An example of digital inequality is access to essential e-government services. In the United Kingdom, individuals lacking a sufficient digital footprint face challenges in verifying their identities. This creates new barriers to services such as public housing and healthcare, producing a form of “double disadvantage”. A double disadvantage compounds existing issues in digital access by excluded from digital life lack both access and the digital reputation required to navigate public systems. Other communities with private access or open access to technology and digital education from an early age will have greater access to government e-services.

The United Nations International Children's Emergency Fund's (UNICEF) State of the World's Children 2017 report highlights how digital footprints are linked to broader issues of equity, inclusion, and safety, emphasizing that marginalized communities experience greater risks in digital environments.

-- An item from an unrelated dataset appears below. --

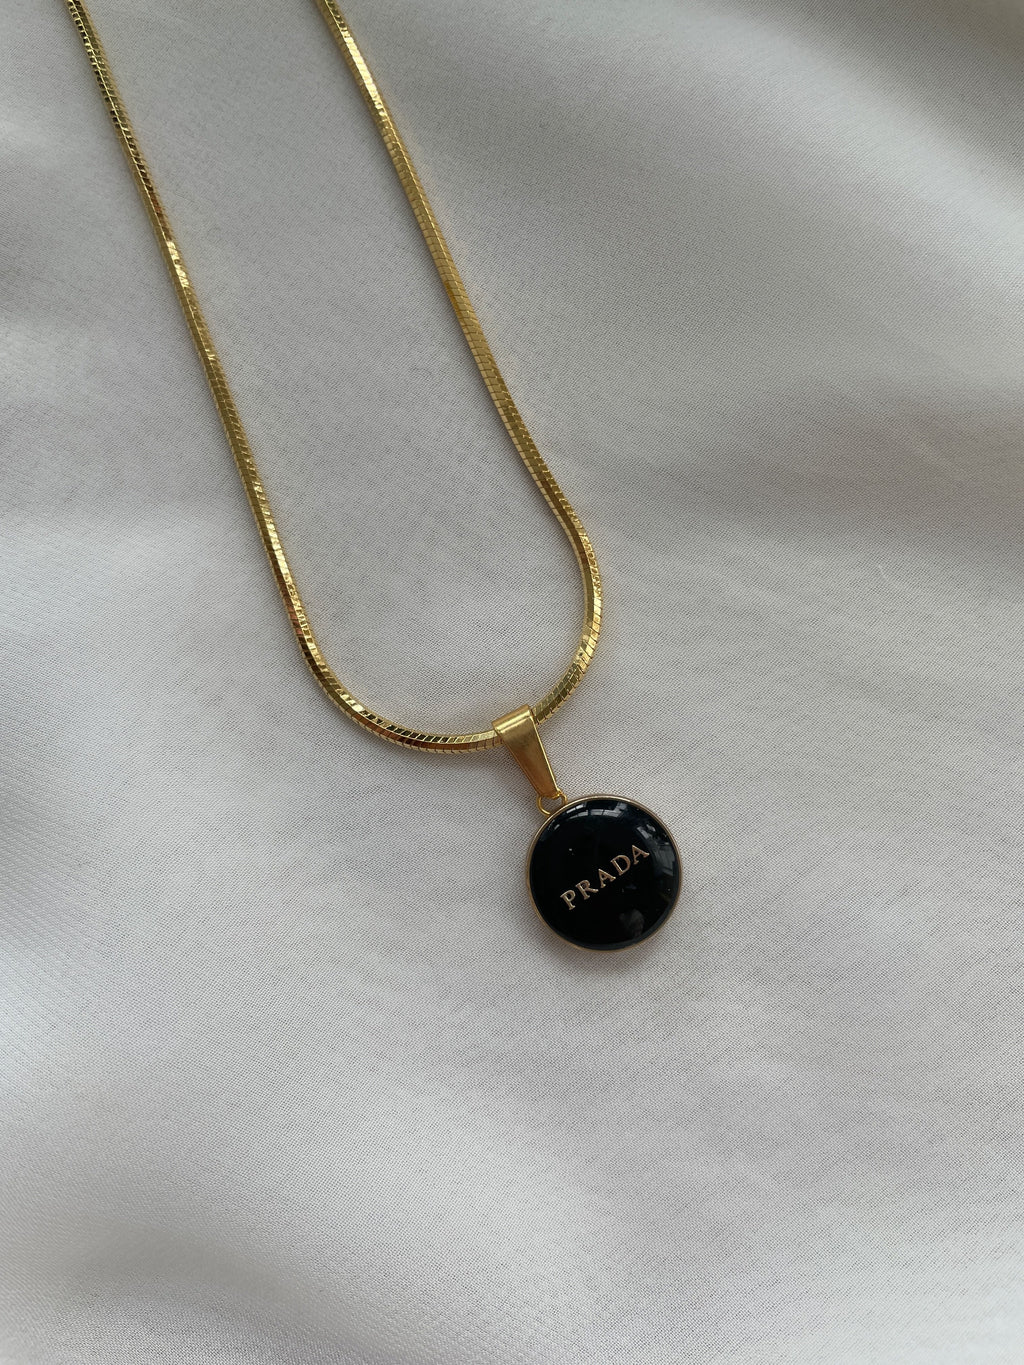 LV Button Necklace | Ella Emma Design

== Media and information literacy ==
Media and information literacy (MIL) encompasses the knowledge and skills necessary to access, evaluate, and create information across different media platforms. Understanding and managing one's digital footprint is increasingly recognized as a core component of MIL.

Scholars suggest that digital footprint literacy falls under privacy literacy, which refers to the ability to critically manage and protect personal information in online environments. Studies indicate that disparities in MIL access across countries and socio-demographic groups contribute to uneven abilities to manage digital footprints safely.

=== Education ===
Organizations like UNESCO and UNICEF advocate for integrating MIL frameworks into formal education systems as a way to mitigate digital inequalities. However, there remains a notable lack of standardized MIL curricula globally, particularly concerning privacy literacy and digital footprint management.

In response to these gaps, researchers in 2022 developed the "5Ds of Privacy Literacy" educational framework, which emphasizes teaching students to "define, describe, discern, determine, and decide" appropriate information flows based on context. Grounded in sociocultural learning theory, the 5Ds encourage students to make privacy decisions thoughtfully, rather than simply adhering to universal rules. Sociocultural learning theory means that students learn privacy skills not just by memorizing rules, but by actively engaging with real-world social situations, discussing them with others, and practicing decisions in authentic, contextualized settings.

This framework highlights that part of digital footprint literacy includes awareness about how people's behaviors are tracked online. Companies can infer demographic attributes such as age, gender, and political orientation without explicit disclosure. This is often done without users' awareness. Educating students about these practices aims to promote critical thinking about personal data trails.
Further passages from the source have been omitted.